By David F. Rooney
They may be divided over some of the value of the long-form Census — that’s the mega-page document all Canadians must fill out every five years — but City Councillors have agreed to back a position paper that argues the Census actually yields valuable information for municipal governments.
The long-form Census question is a federal issue that has some meaning for municipalities. The data gathered by the multi-page form helps municipal governments track local economic, social and demographic developments. Making the form optional — instead of mandatory as it is now — will degrade that ability, Community Economic Development Director Alan Mason said in the position paper, which was presented to Council during its Committee of the Whole (CoW) meeting last Tuesday.
“As reported in The Canadian Press (the national news service) of July 1, the only justification for doing away with the long-form Census questionnaire is that ‘many Canadians had complained of its coercive and intrusive nature,'” Mason wrote. “It is true that some people have made such complaints.
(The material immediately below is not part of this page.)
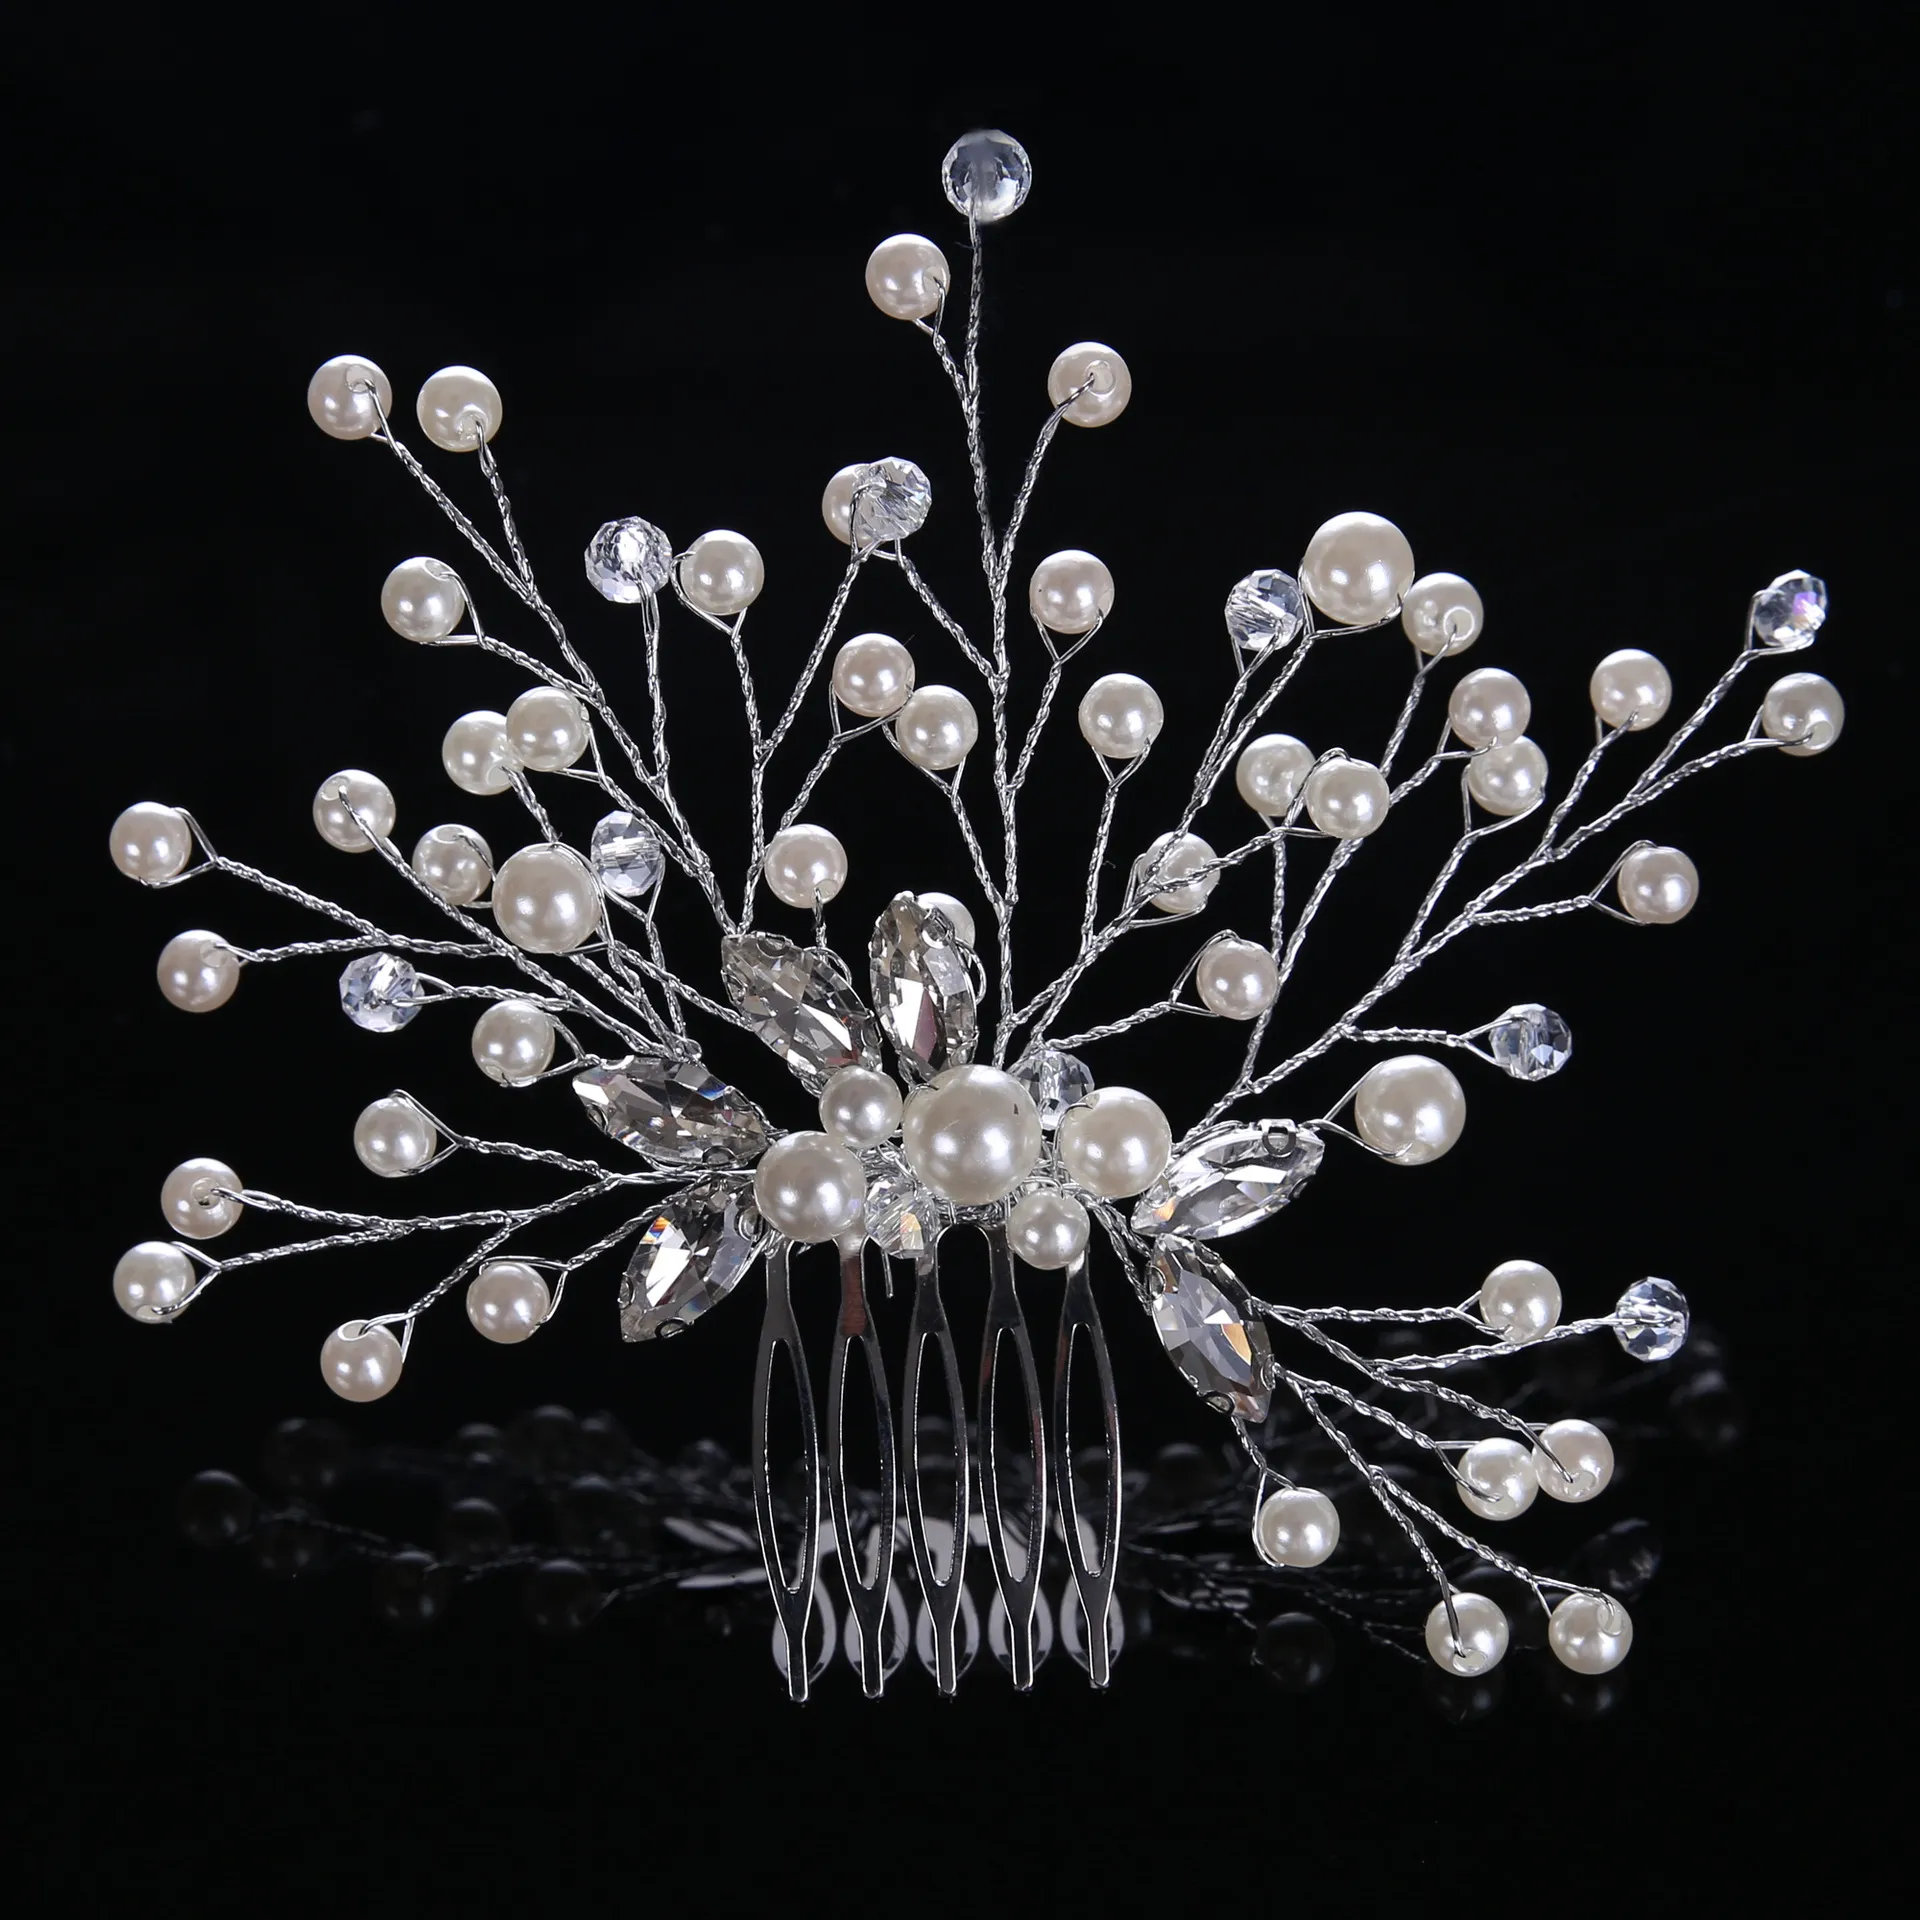 Coiffes accessoires de mariage féminins argent perle cristal bride bande de fleur de fleur band femelles bijoux de cheveux nuptiale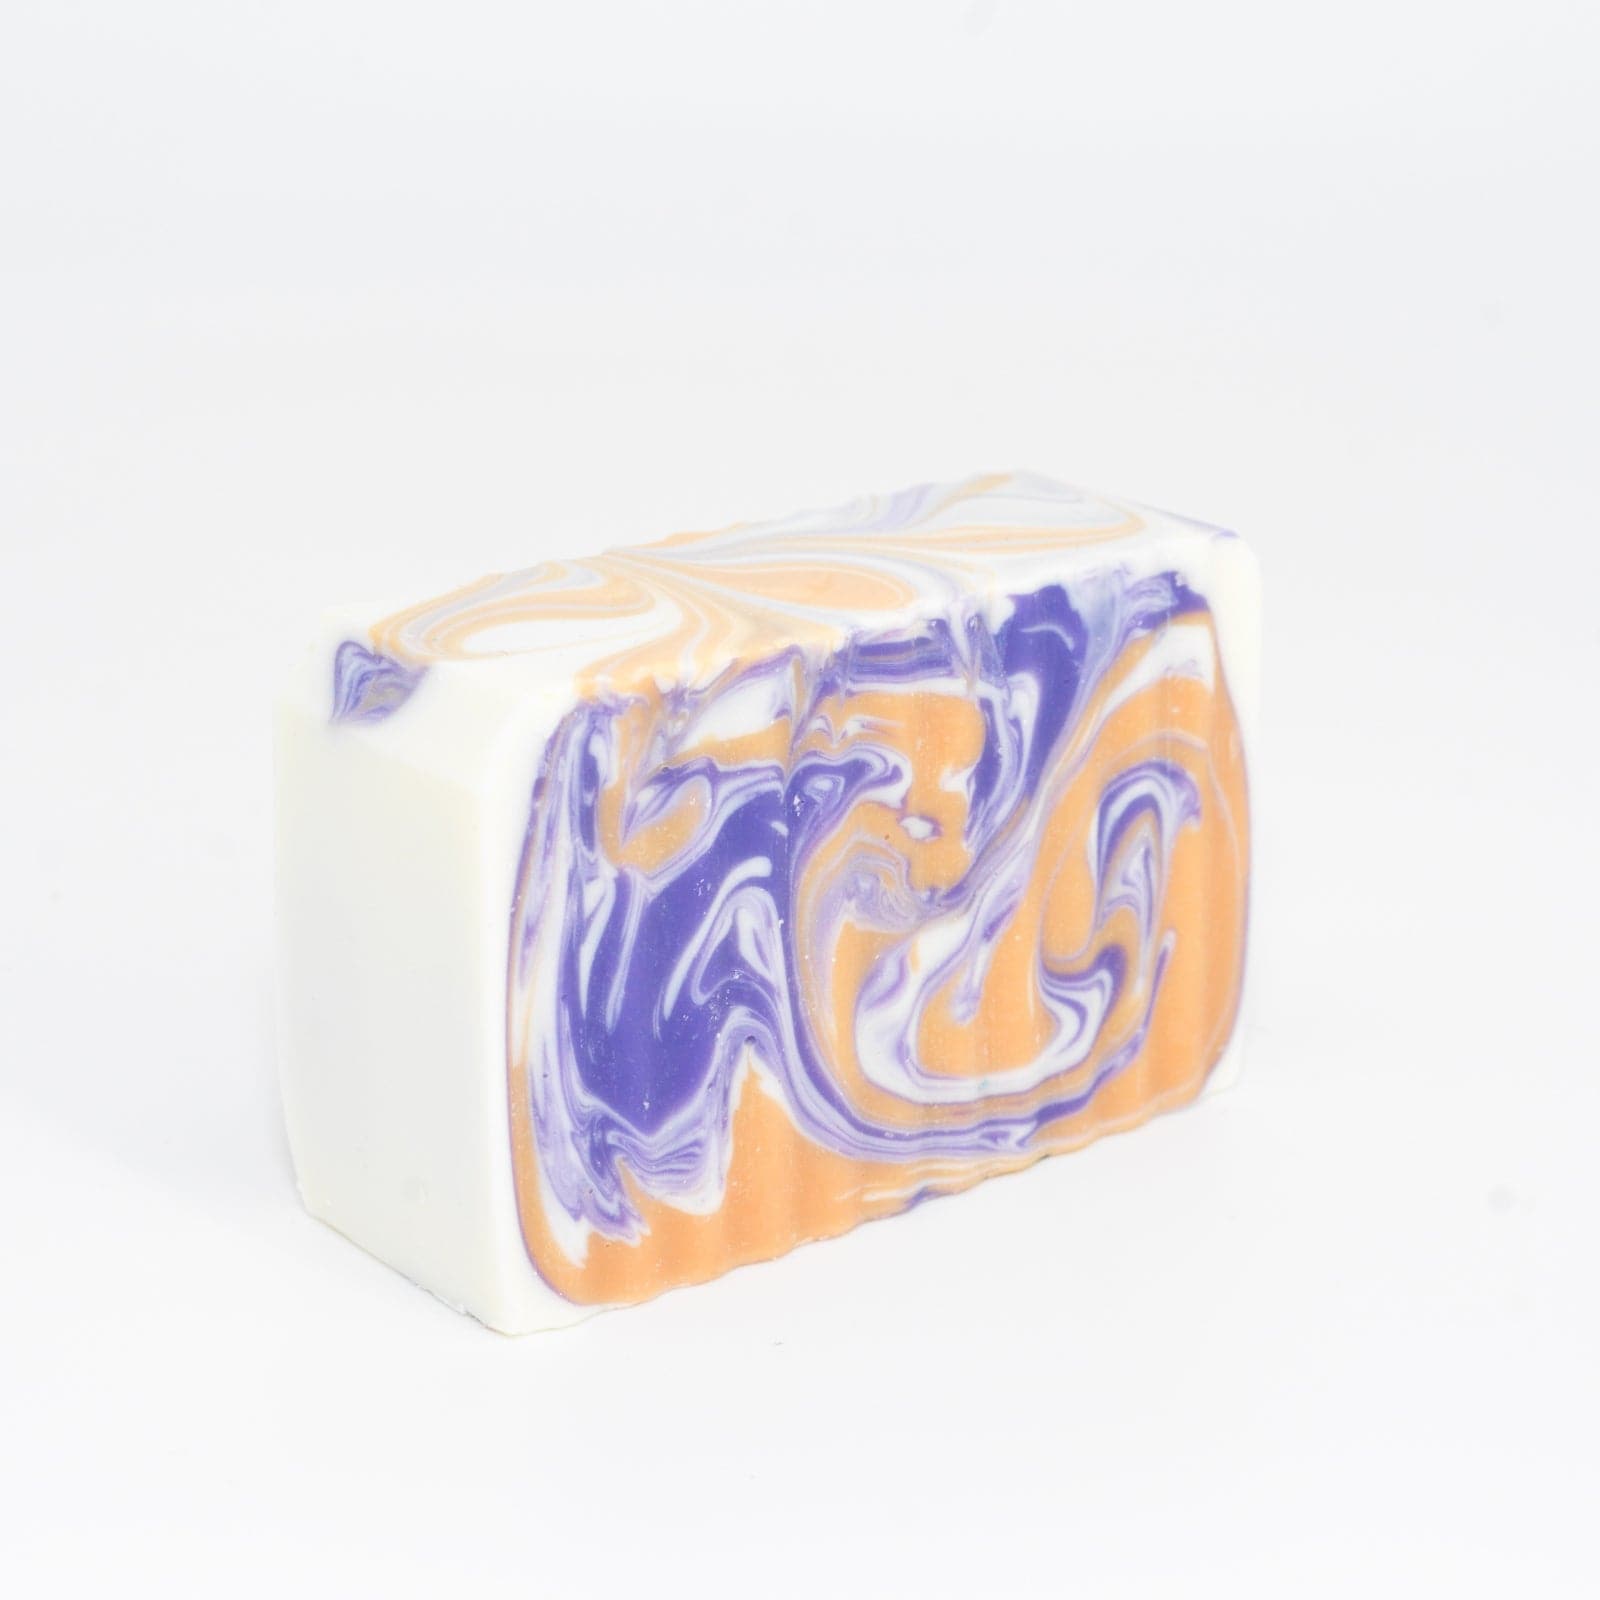 Buff City Soap's multi-colored love potion soap bar

It is also true that, as with tax forms, which are also mandatory, the Census asks something of Canaians in order toa chieve a public good. The vast majority of Canadians accept this and readily comply.
“Fortunate so as the usefulness of the long-form Census depends critically on the exceptionally high response rate — ver 95 per cent, the highest of any G20 country — that is only possible with a mandatory questionnaire.
“Replacing it with the voluntary National Household Survey, as has been proposed, is not acceptable alternative. The average resposnse rate to voluntary Statistics Canada surveys is of the order of 70 per cent. The problem is that the 30 per cent who do not respond are likely to be drawn disproportionately from the most vulnerable groups in society, including aboriginal peoples, persons with weaker language skills, newly arrived immigrants and the low-income elderly. Young people, especially in the critical years of post-secondary education and entry into the labour force are also under-represented. Our understanding of these groups would be diminished and policy measures would be based on much weaker evidence.”
Despite that, some Councillors argued against supporting the paper, largely because the statistical analysis is produced over a period of years — not months.
“It has always been my feeling that the (statistical analyses) are so late that they’re of little value,” said Councillor Phil Welock.
Steve Bender argued that dismissing the value of a voluntary census may be putting the cart before the horse as many people may be willing to fill out a voluntary form.
In the end, though, all Councillors voted to support the paper and “strongly urge the federal government o reverse its decision to cancel the mandatory Census long-form questionnaire.